The requirement is pretty far-reaching, and it's not always clear which entity must file. “The first step for small business owners is to figure out if their company is affected. There are tools available to help figure out this part, where you can answer a few questions, and in the end, it will give you a general indication of whether or not you have to file,” says Feldman.
Based on the current rule, two types of reporting companies have to file a BOI – unless they qualify for an exemption: 1) a domestic reporting company, and 2) a foreign reporting company.
To help figure out if they have to file, business owners can use this quiz tool. Simply answering a few questions helps them determine their reporting requirement status.
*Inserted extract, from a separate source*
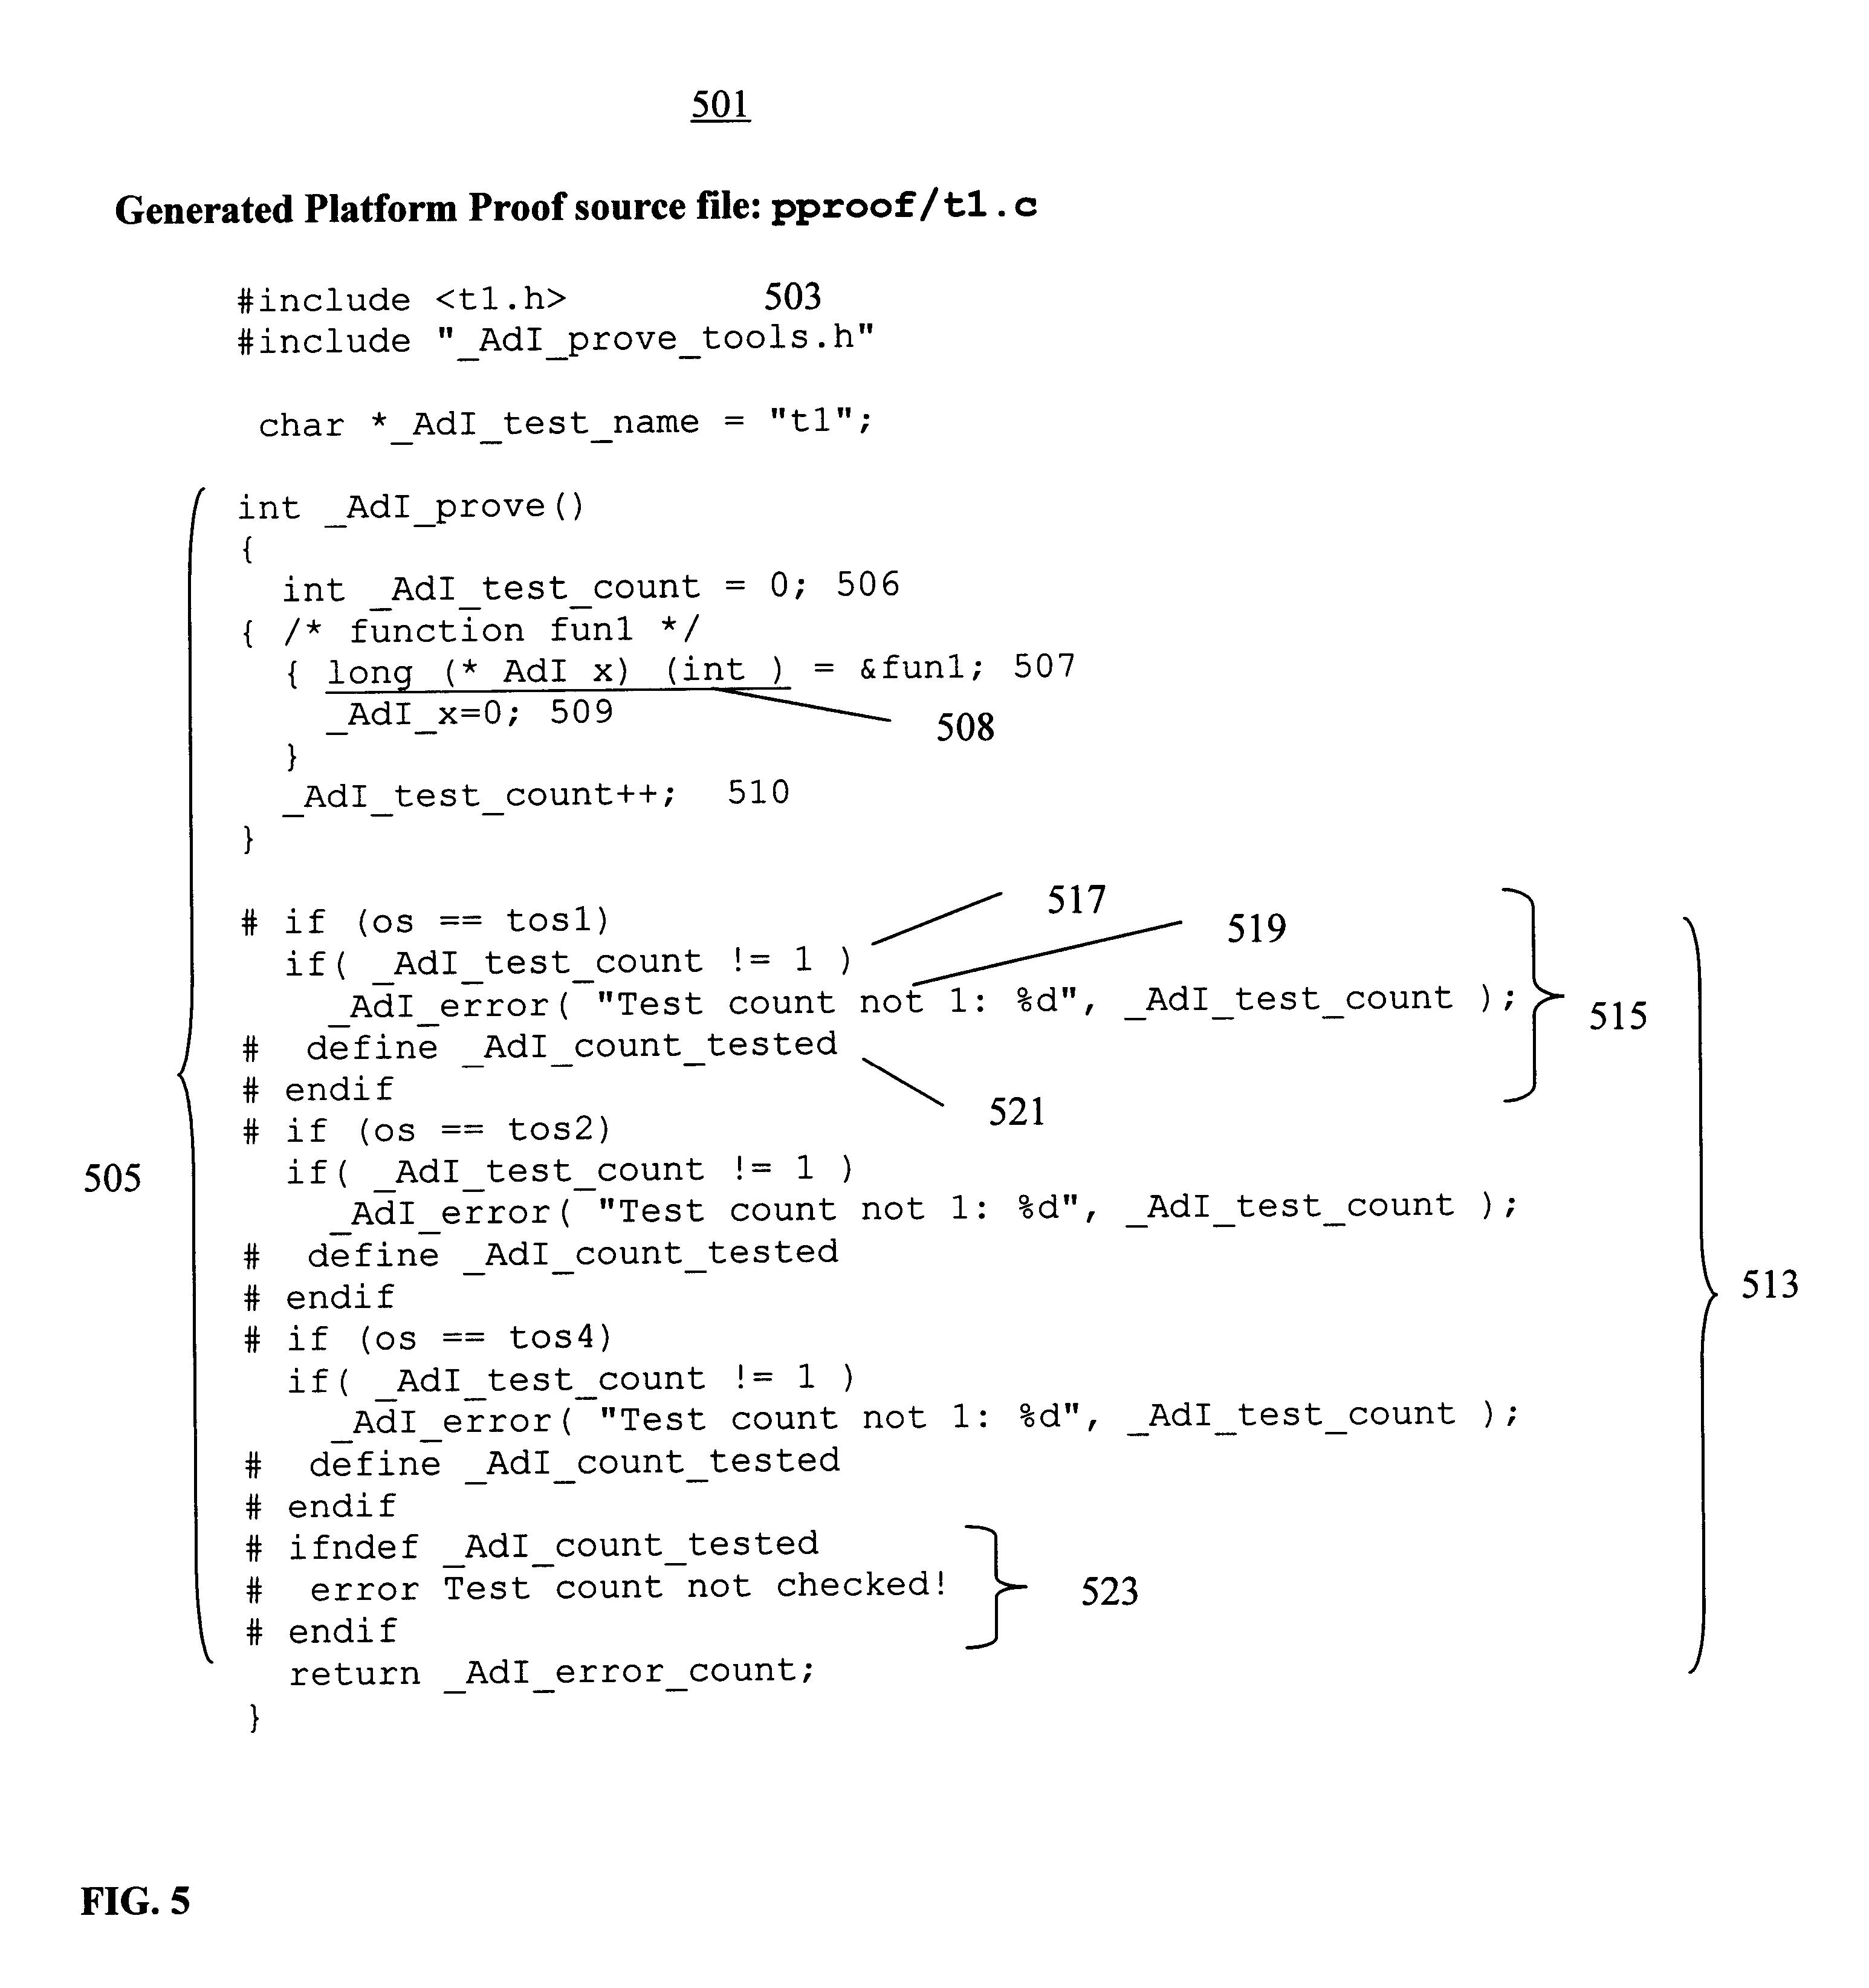 Patent US 6,769,115 B1

It’s important to note that right now, corporations and LLCs are the only business entity types specifically referred to in the FinCEN rule, but other entities might also have to file.
3. Who is exempt from the Corporate Transparency Act?
There are 23 categories of entities that are exempt. Most are for entities that are already subject to close federal or state regulation and thus already have to disclose their beneficial ownership information to the government. For example:
- Publicly traded companies and other entities that file reports under the Securities Exchange Act
- Financial institutions (banks, credit unions)
- Money services businesses
- Securities brokers and dealers
- Insurance companies
- State-licensed insurance producers
- Investment advisors, pooled investments
- Public utilities
- Tax-exempt entities, including 501(c) non-profits
- Inactive entities
- And more
There’s also an exemption for so-called “large operating companies.” Those are companies that 1) employ more than 20 full-time employees in the U.S., 2) operate at a physical office in the U.S., and 3) have filed a federal tax return for the previous year reporting gross receipts or sales of more than $5 million. The term “has an operating presence at a physical office within the United States” means an entity regularly conducts its business at a physical location in the U.S. that the entity owns or leases and that is physically distinct from the place of business of any other unaffiliated entity. “Again, most small corporations and LLCs probably do not qualify for an exemption, but you should still be familiar with them to know for sure if your company is exempt or not,” says Duynstee.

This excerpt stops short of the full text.